> **PROMPT**
Pictures stay out of the output. Return exactly the lines below from the one with "Fallen Bird 1, Virginia" down to the one with "Monthly Salary Slip", both included, and nothing more.

> **DATA TO EXAMINE**
· · · · ·
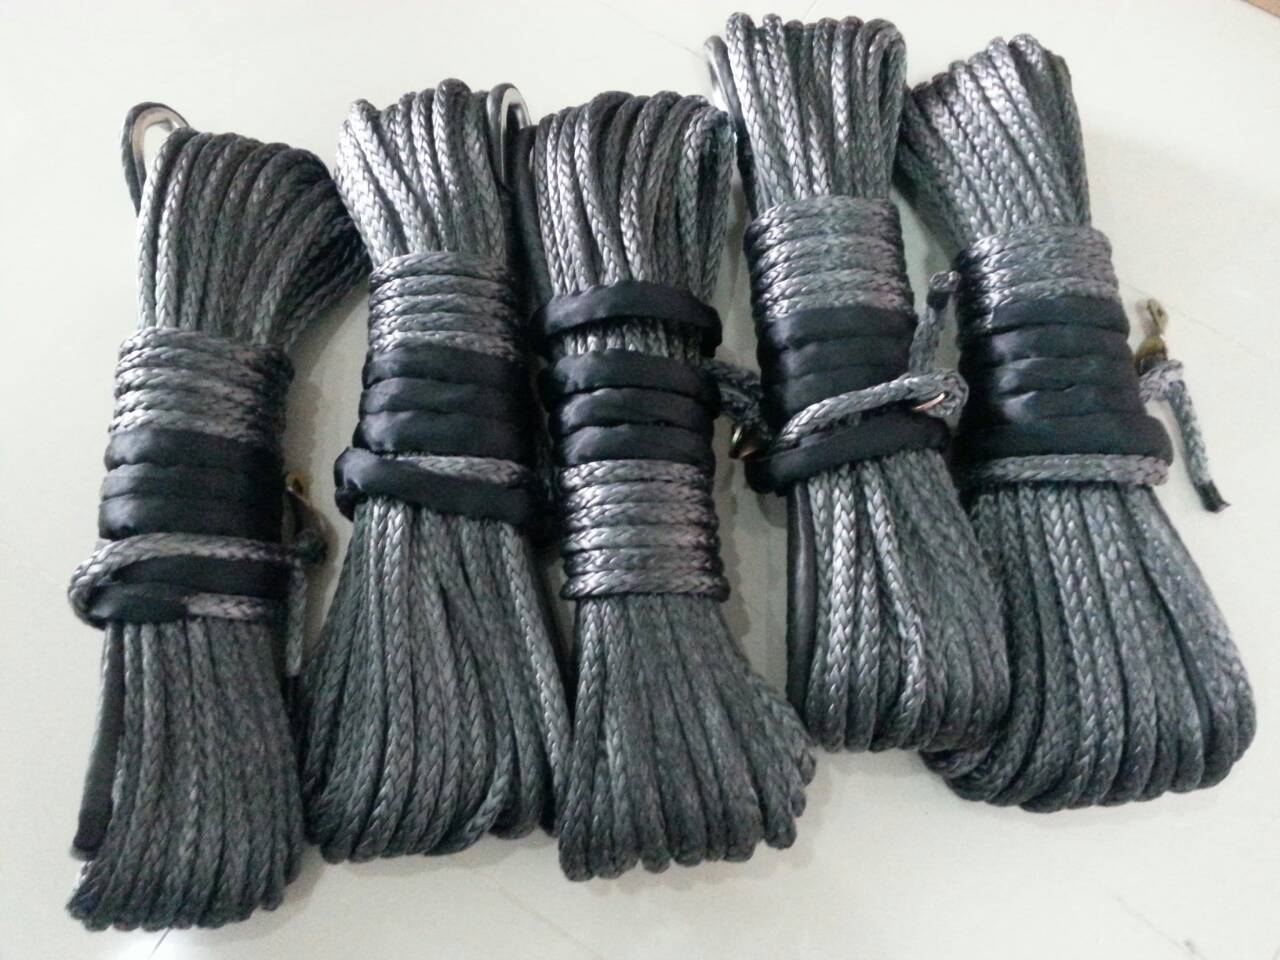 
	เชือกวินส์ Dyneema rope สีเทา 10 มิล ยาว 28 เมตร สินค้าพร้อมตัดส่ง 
· · · · ·
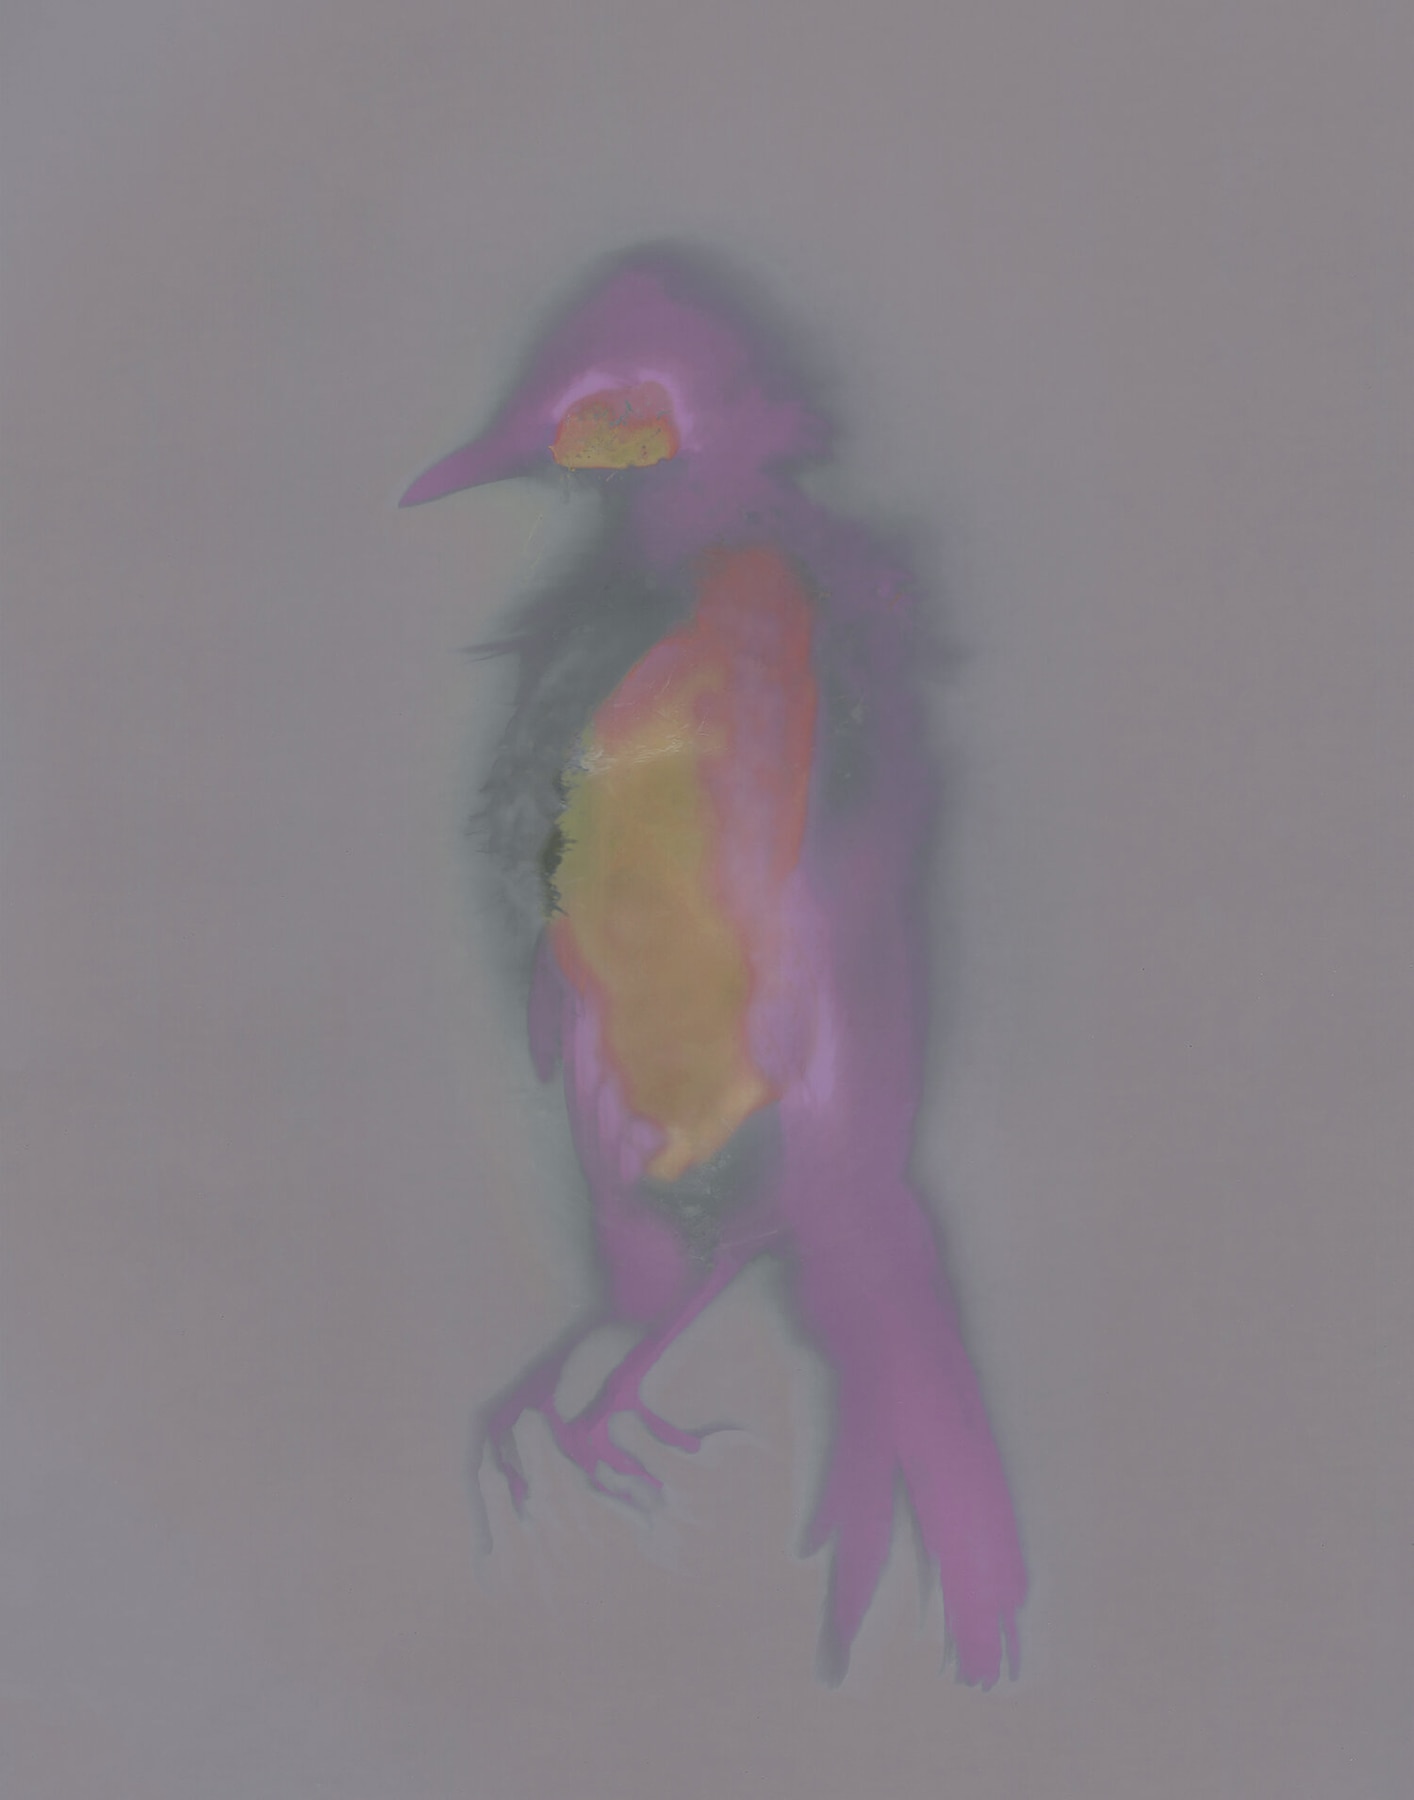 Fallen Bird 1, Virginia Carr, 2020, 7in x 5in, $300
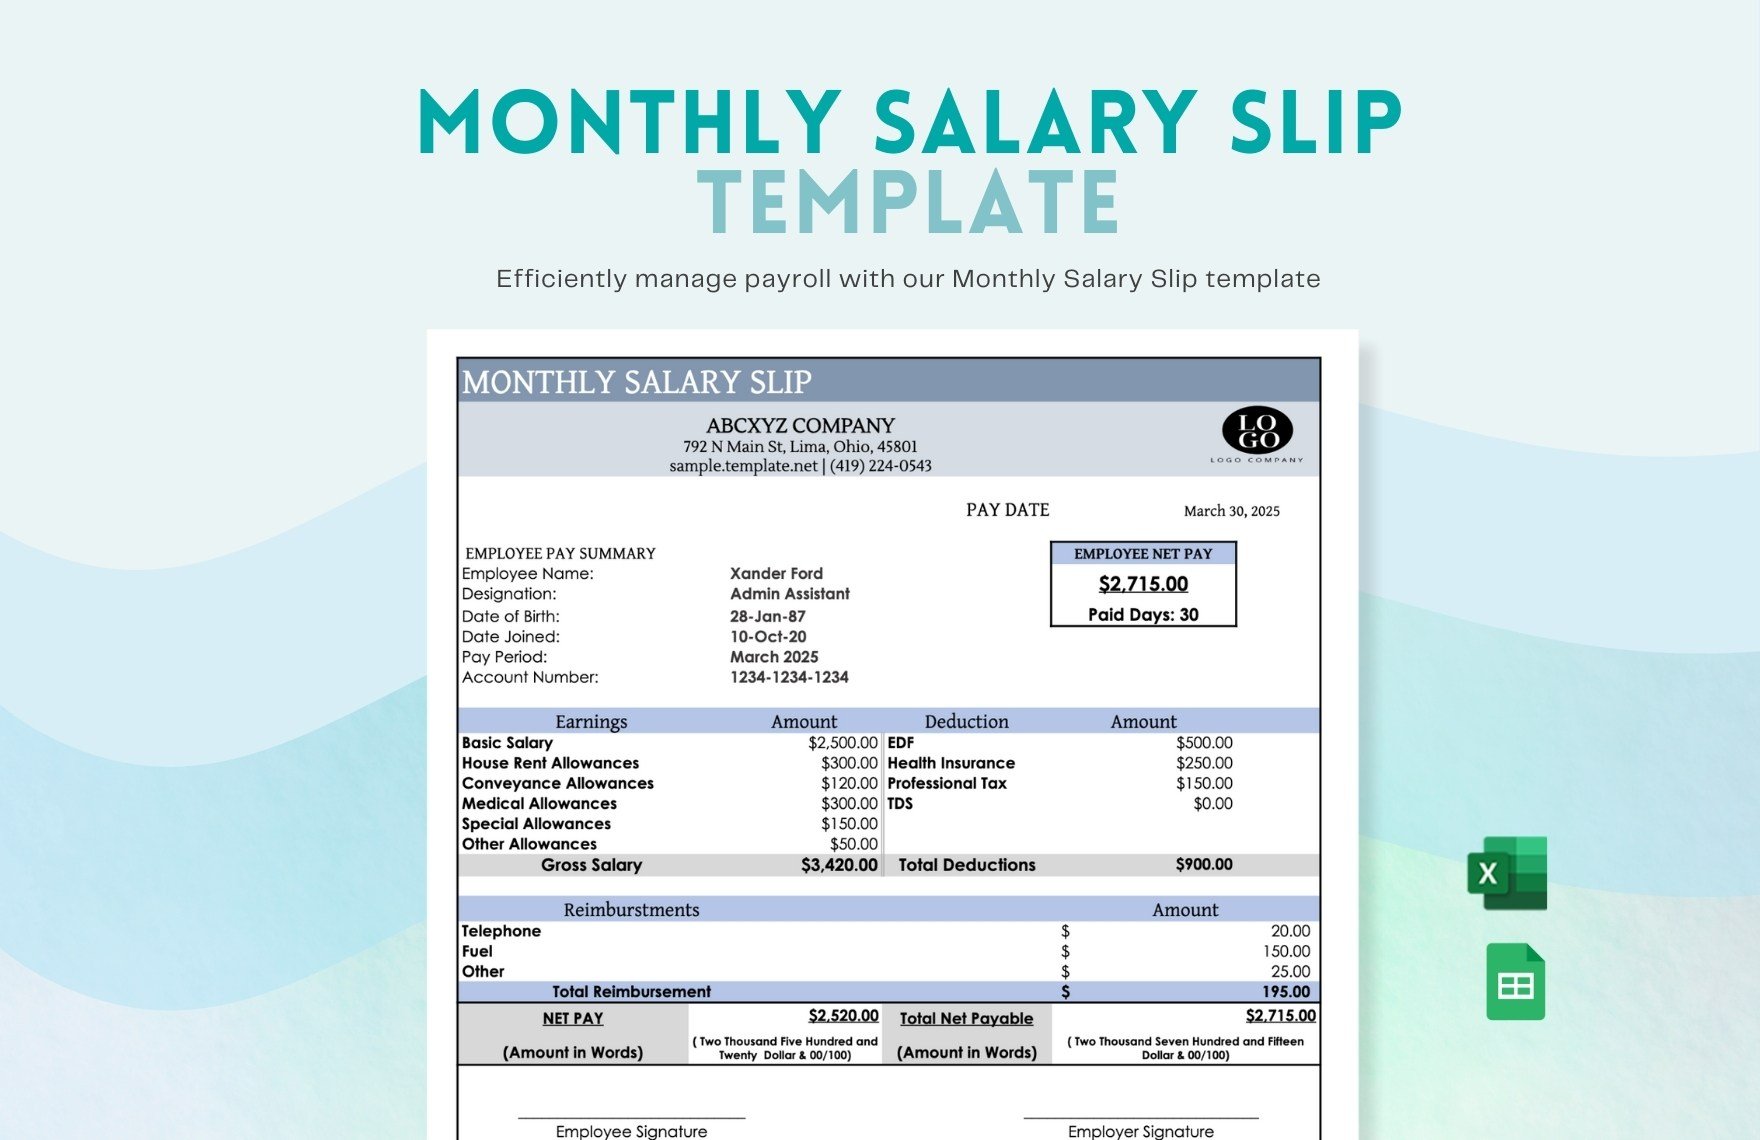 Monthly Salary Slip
· · · · ·
> **WRITTEN ANSWER**
 Fallen Bird 1, Virginia Carr, 2020, 7in x 5in, $300
 Monthly Salary Slip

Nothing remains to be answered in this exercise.